═══ Data shown ═══

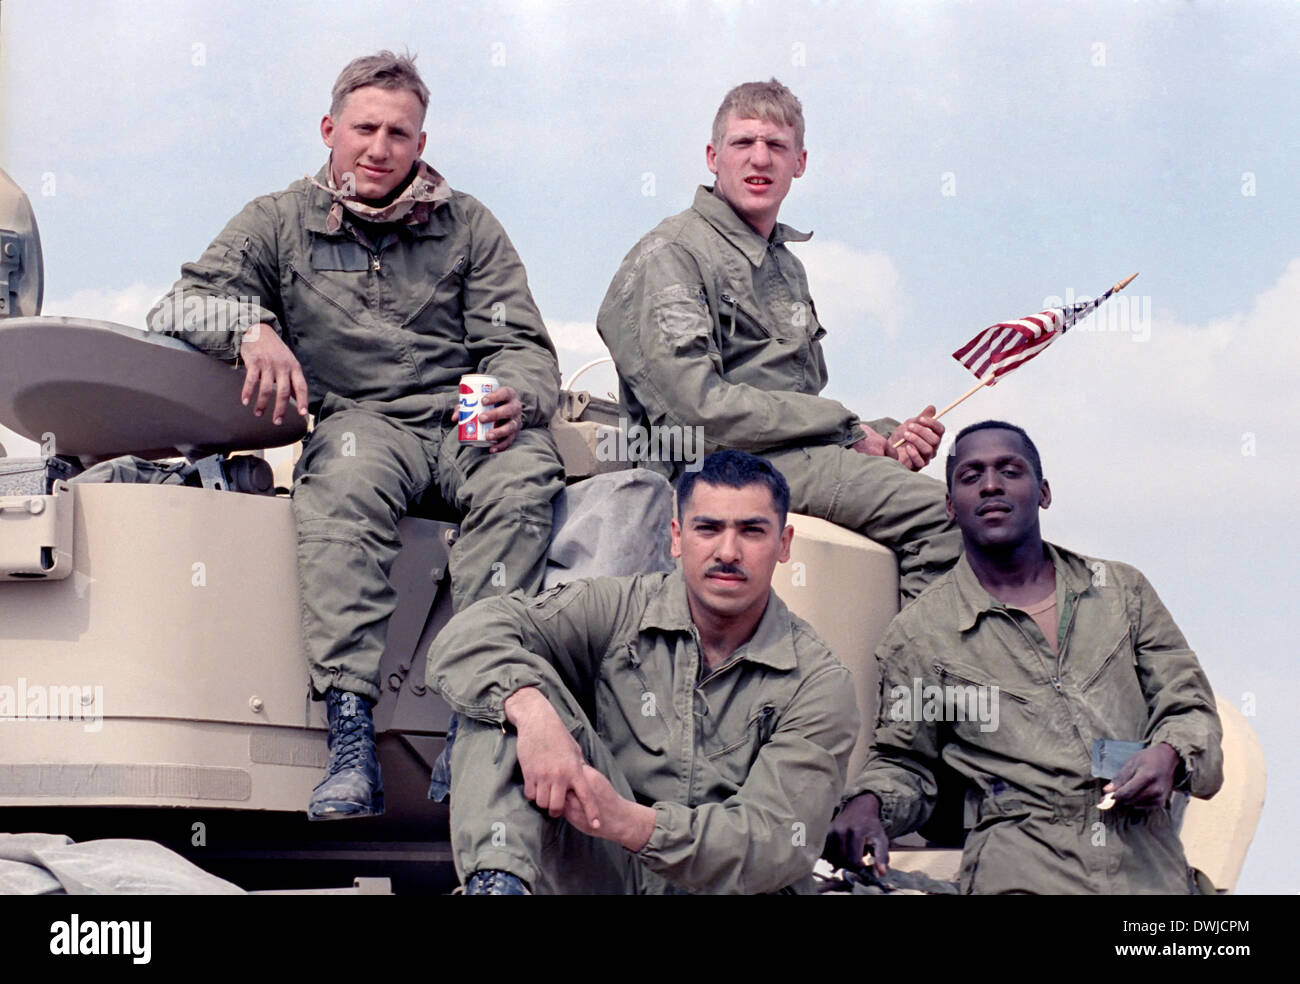 Les soldats de l'Armée US s'asseoir sur le dessus de leur véhicule de combat Bradley après la bataille commencé le passage de la frontière vers l'Iraq au cours de la guerre du Golfe le 24 février 1991 dans le sud de l'Iraq. Banque D'Images
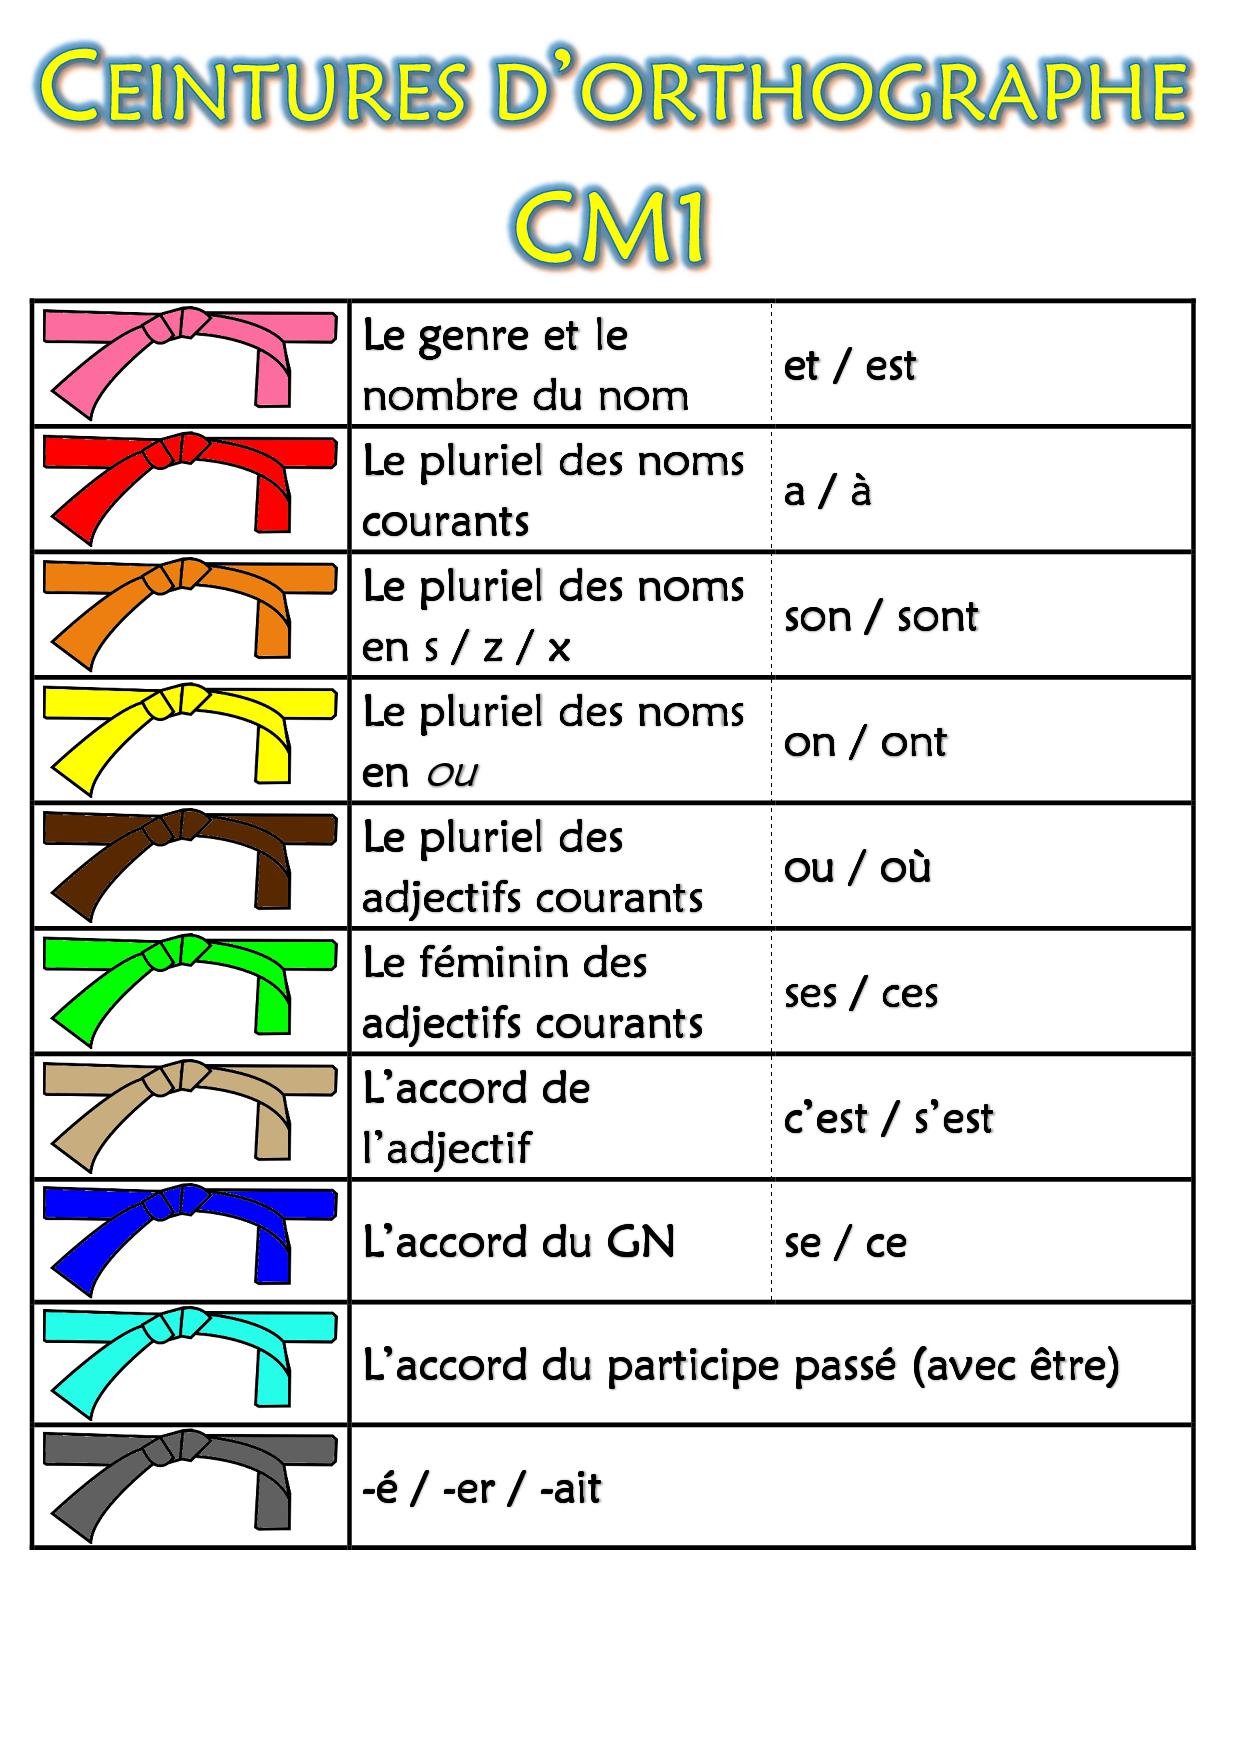 Ceintures d'orthographe CM1 - Chez monsieur Paul
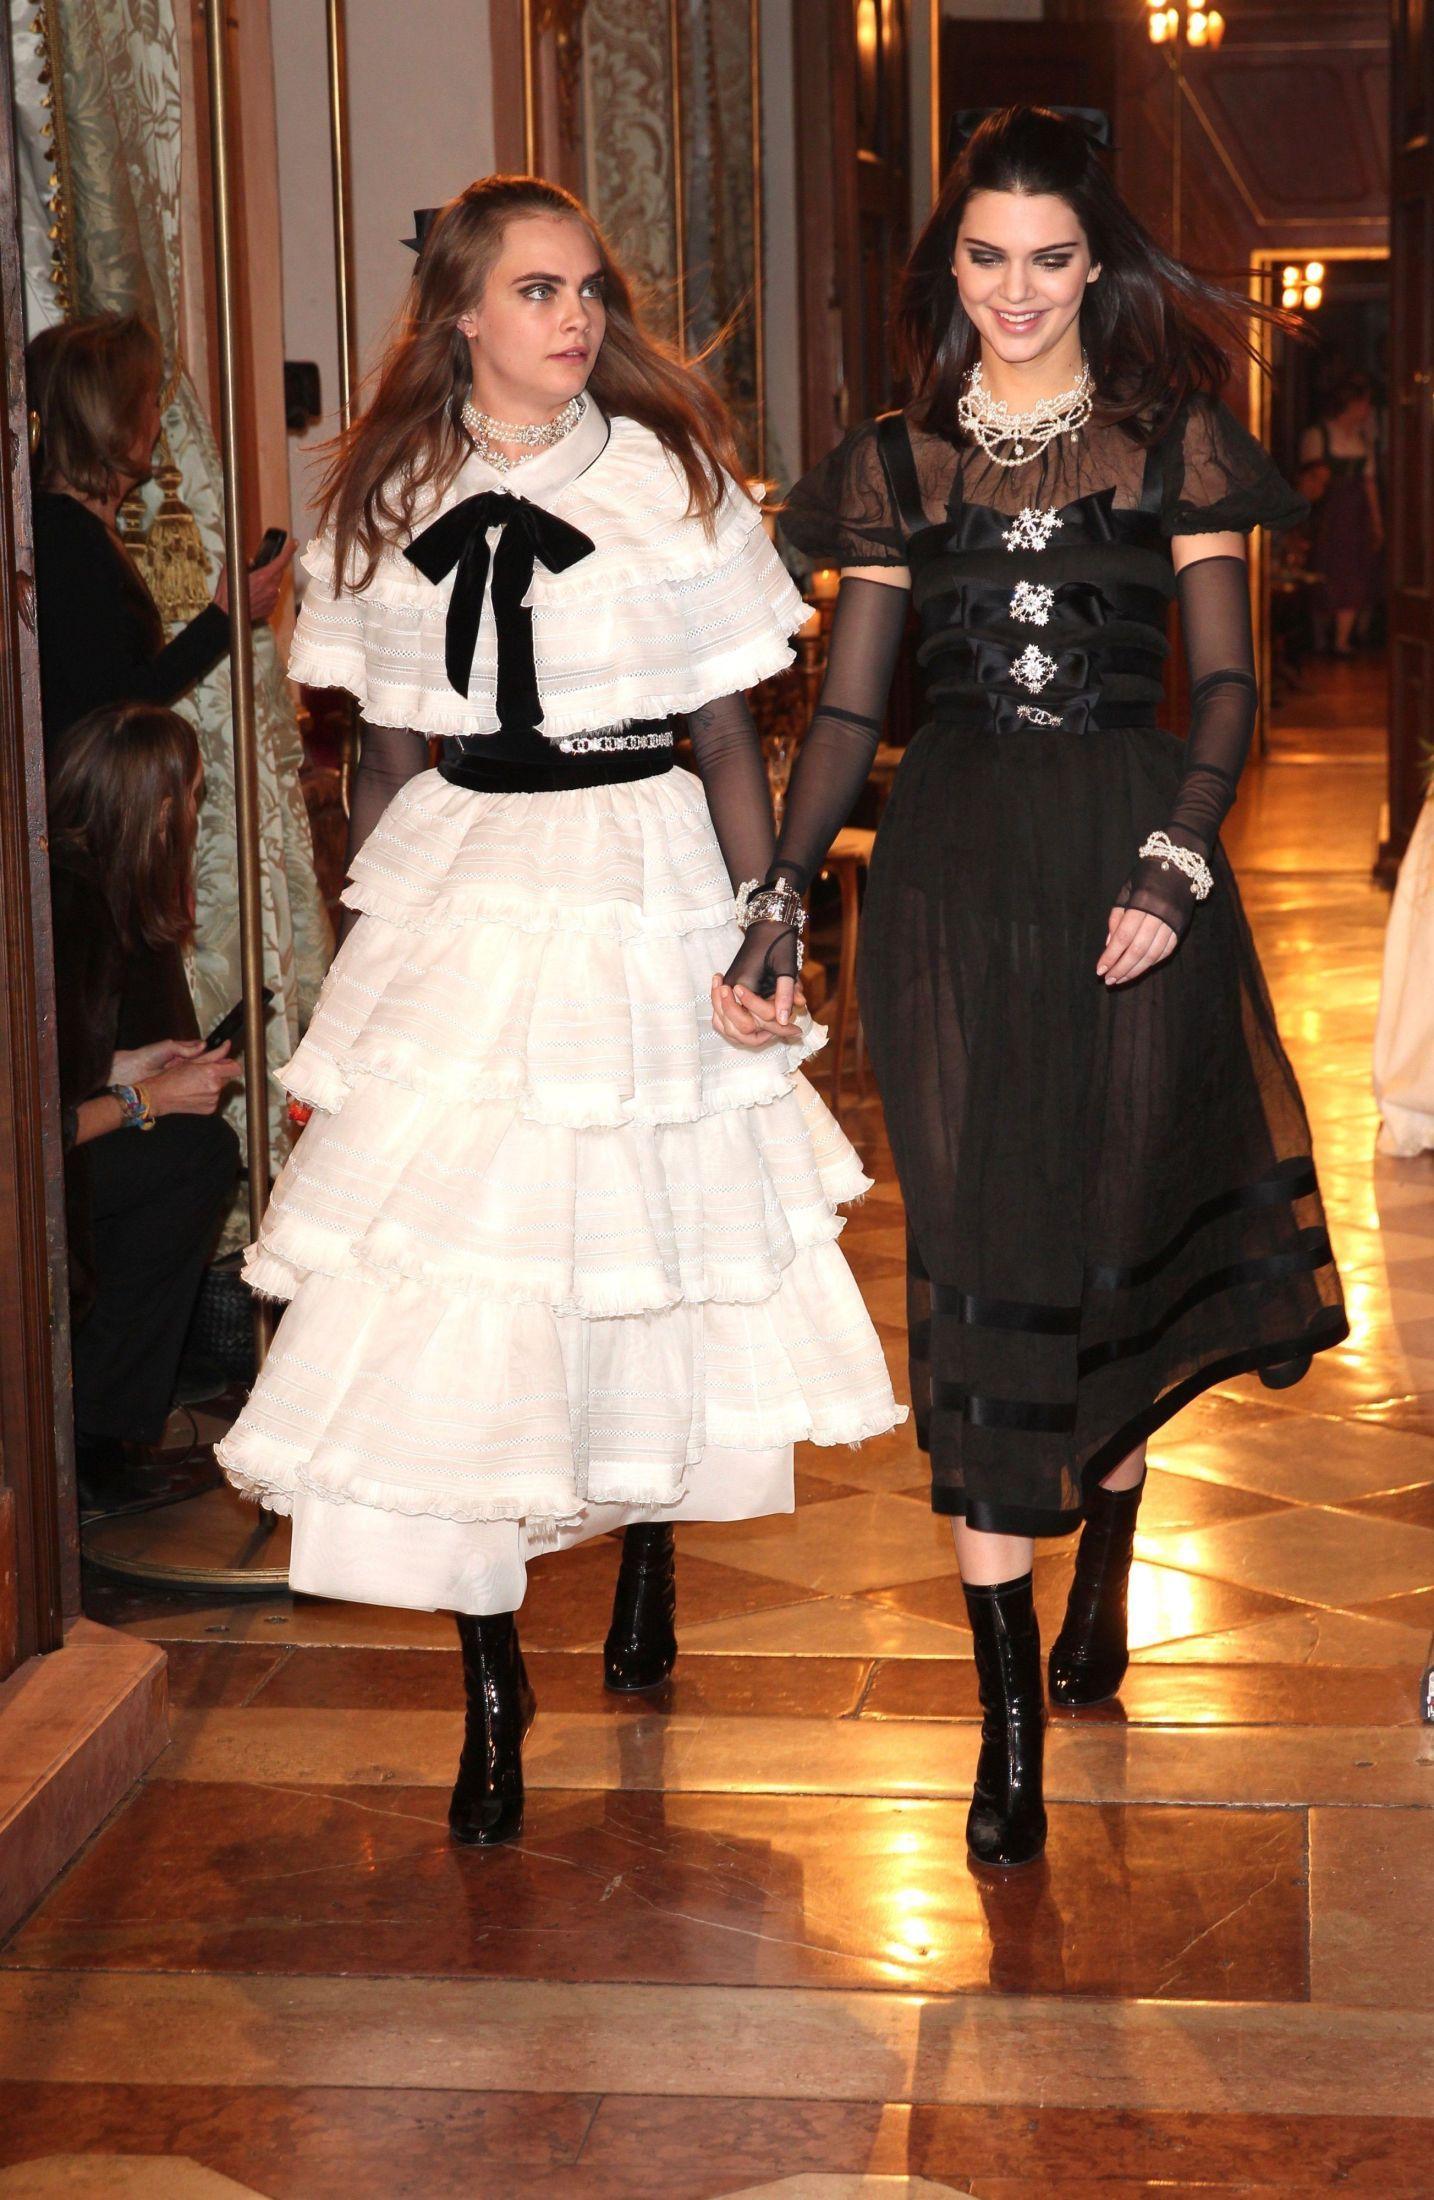 HÅND I HÅND: Venninnene Cara Delevingne (22) og Kendall Jenner (19) avslutter Chanel sin Pre-Fall 2015 visning hånd i hånd, iført luksus kjoler. Foto: Getty Images
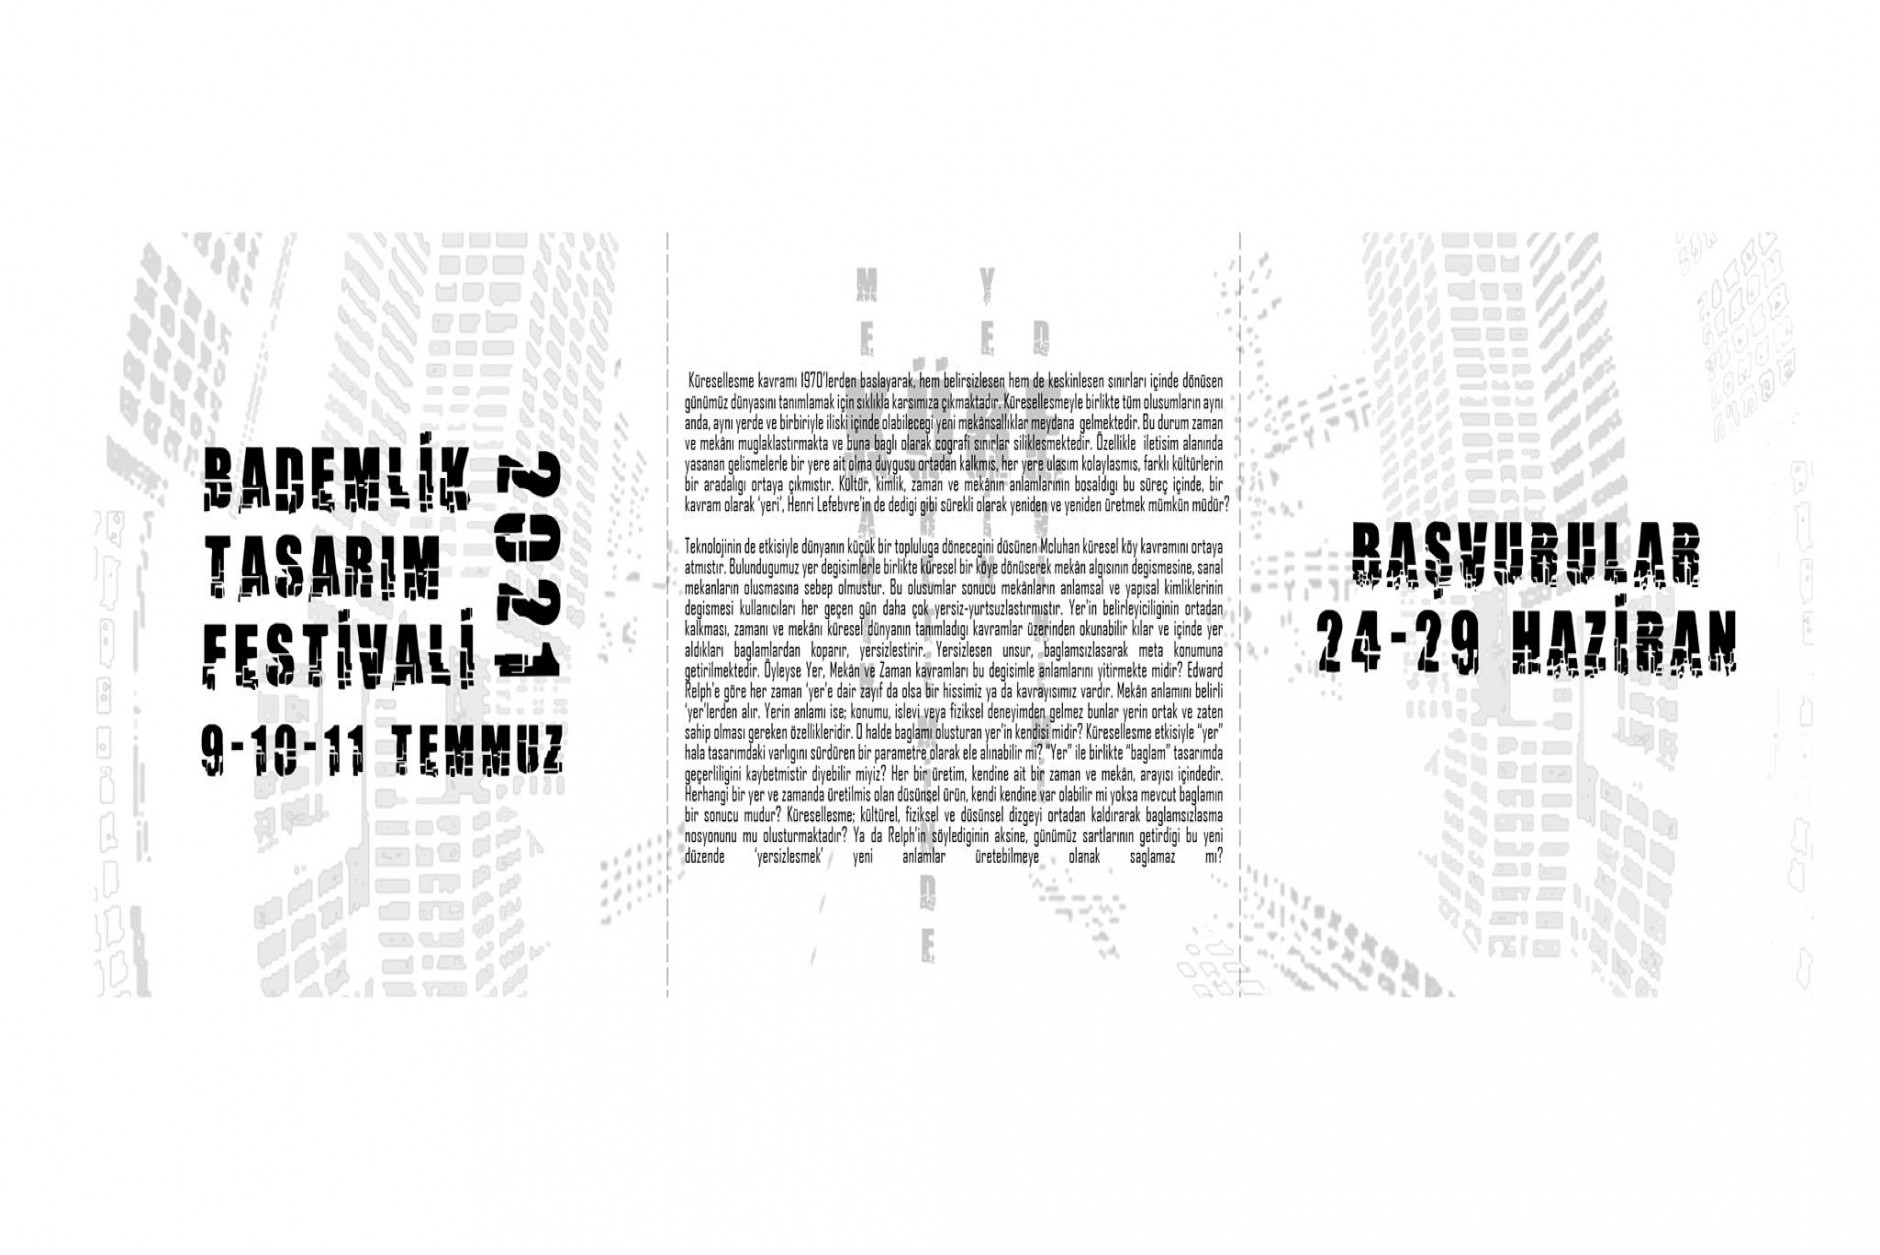 Bademlik Tasarım Festivali/ Bademlik Design Festival

═══

With pictures excluded, copy exactly the lines from the line containing "Ceintures d'orthographe CM1" through the last line of the listing above, both ends included.

- Exercise solution -
 Ceintures d'orthographe CM1 - Chez monsieur Paul
 HÅND I HÅND: Venninnene Cara Delevingne (22) og Kendall Jenner (19) avslutter Chanel sin Pre-Fall 2015 visning hånd i hånd, iført luksus kjoler. Foto: Getty Images
 Bademlik Tasarım Festivali/ Bademlik Design Festival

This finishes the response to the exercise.